■ **GIVEN ENTRIES**:
┌────────

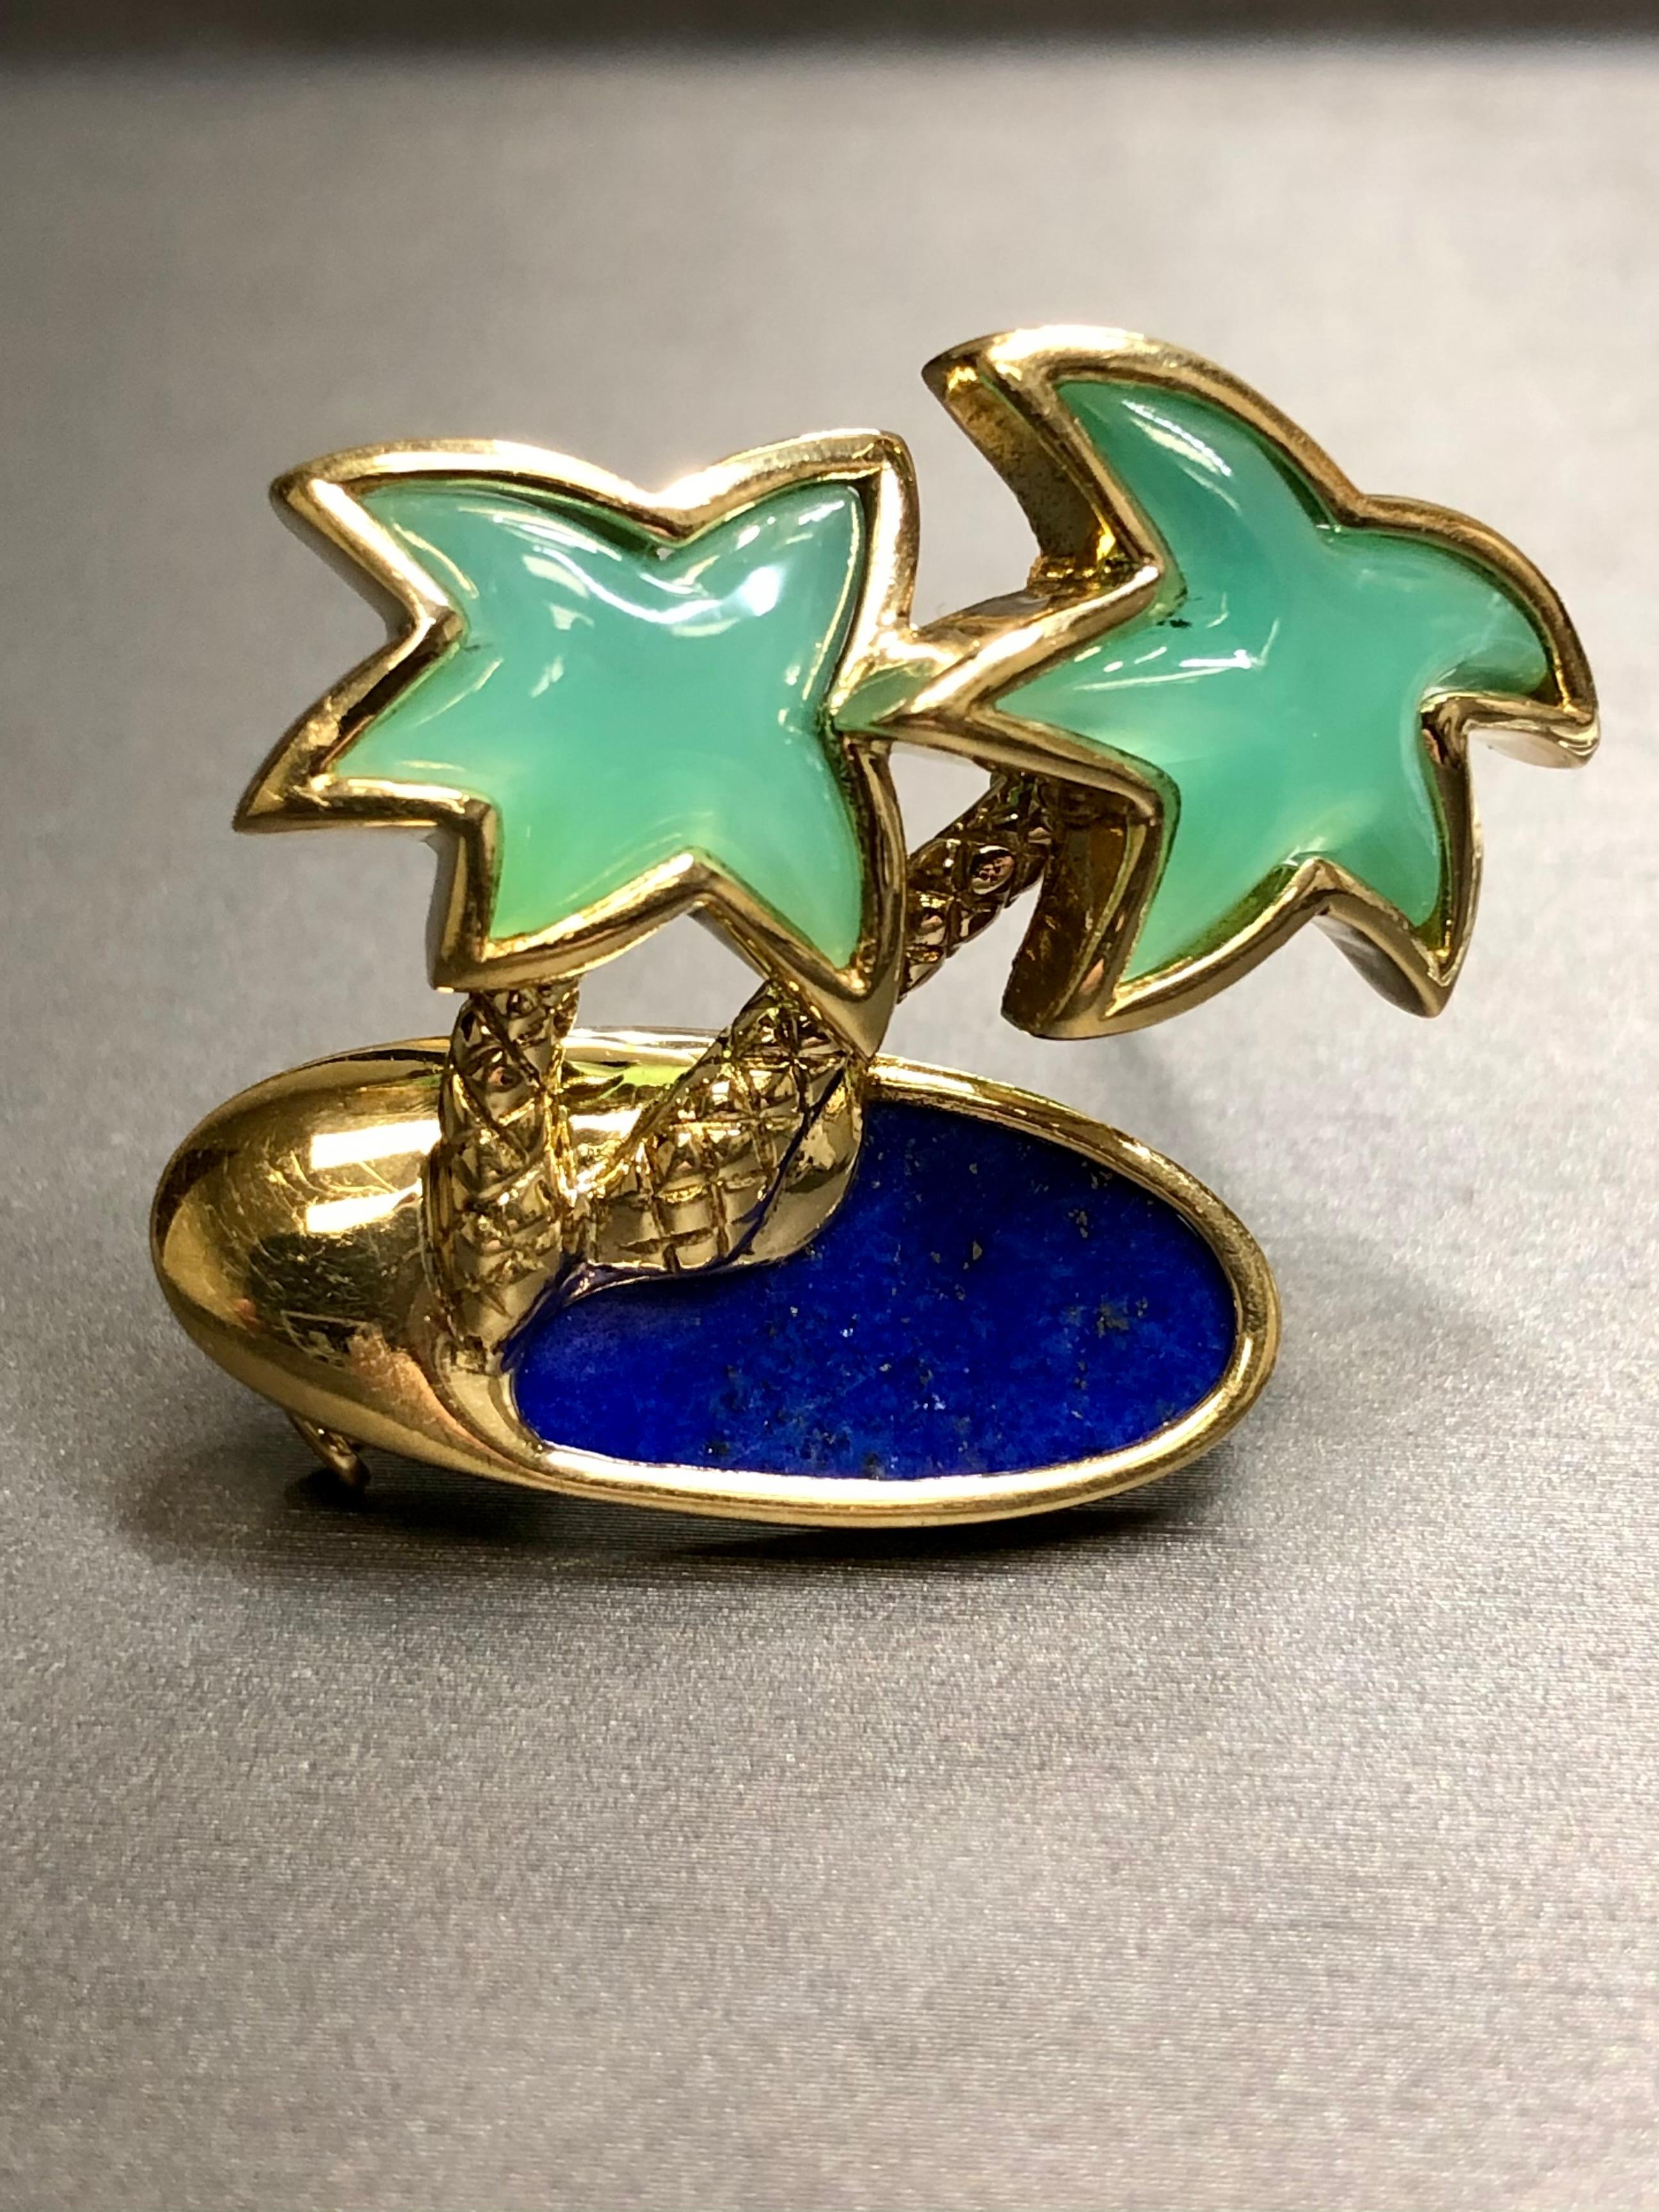 
A whimsical beach scene brooch by Fred of Paris handmade in 18K yellow gold and set with chrysoprase and lapis.


Dimensions/Weight:

Pin measures 1.25” tall by 1.40” wide and weighs 15.2g.


Condition:

Stones are secure and in good condition.
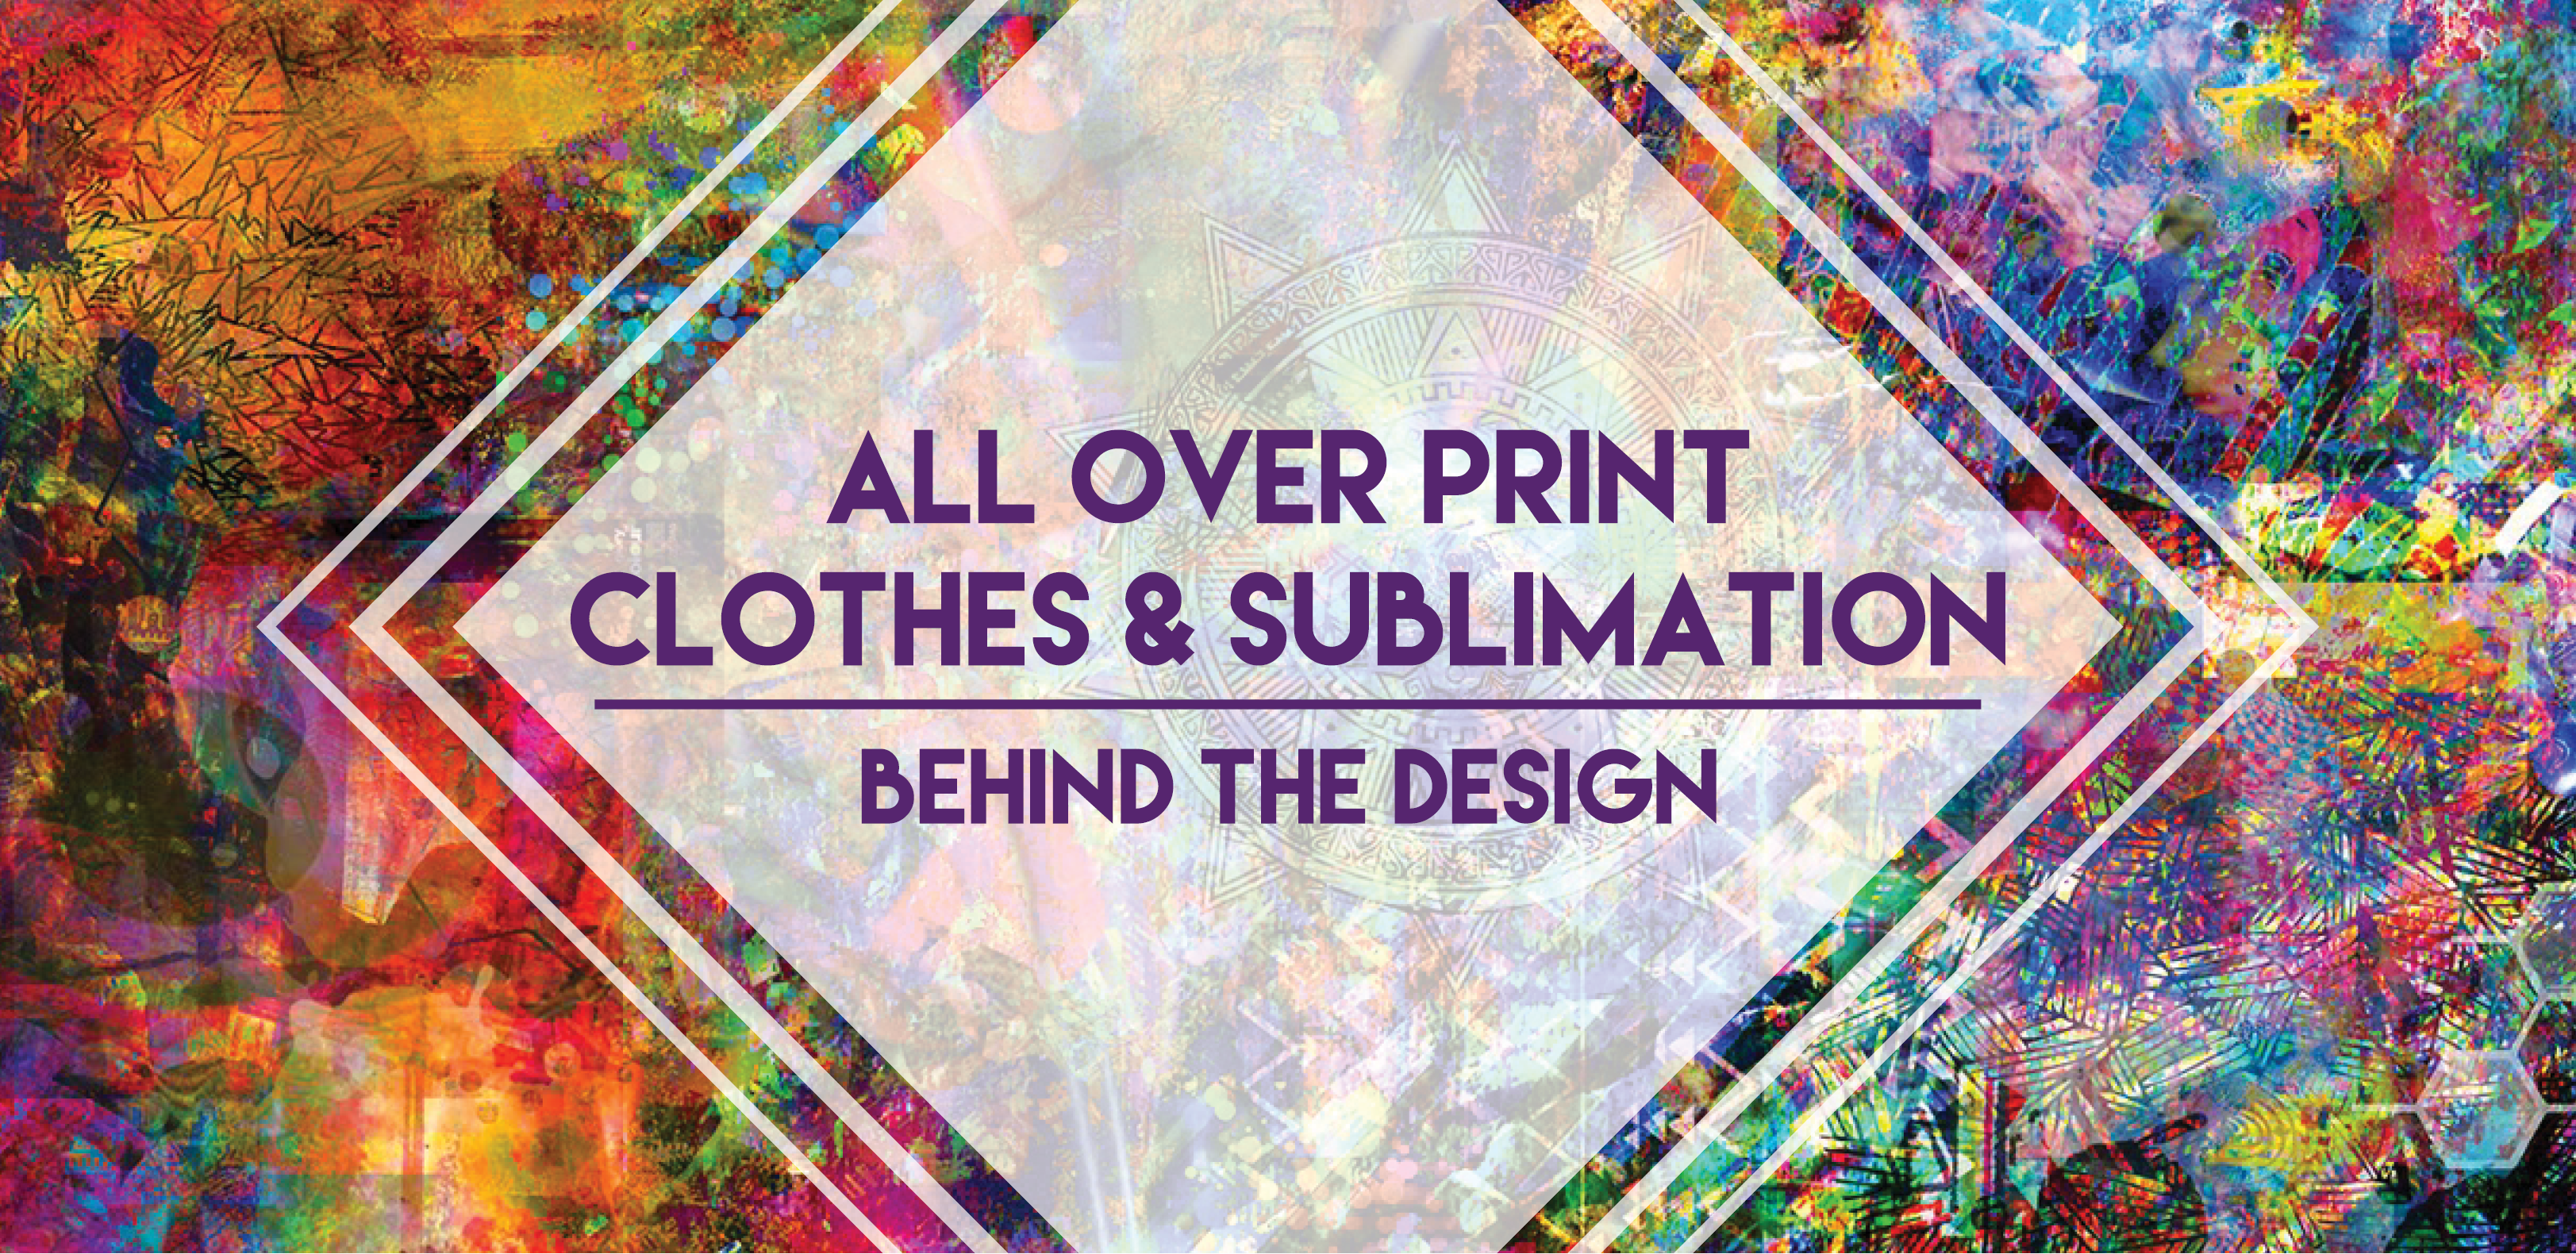 onblast-edm-blog/all-over-print-clothes-sublimation-behind-the-design

└────────

■ **BRIEF**:
Quote the material exactly. Pictures stay out.

■ **WRITTEN ANSWER**:
A whimsical beach scene brooch by Fred of Paris handmade in 18K yellow gold and set with chrysoprase and lapis.


Dimensions/Weight:

Pin measures 1.25” tall by 1.40” wide and weighs 15.2g.


Condition:

Stones are secure and in good condition.
 onblast-edm-blog/all-over-print-clothes-sublimation-behind-the-design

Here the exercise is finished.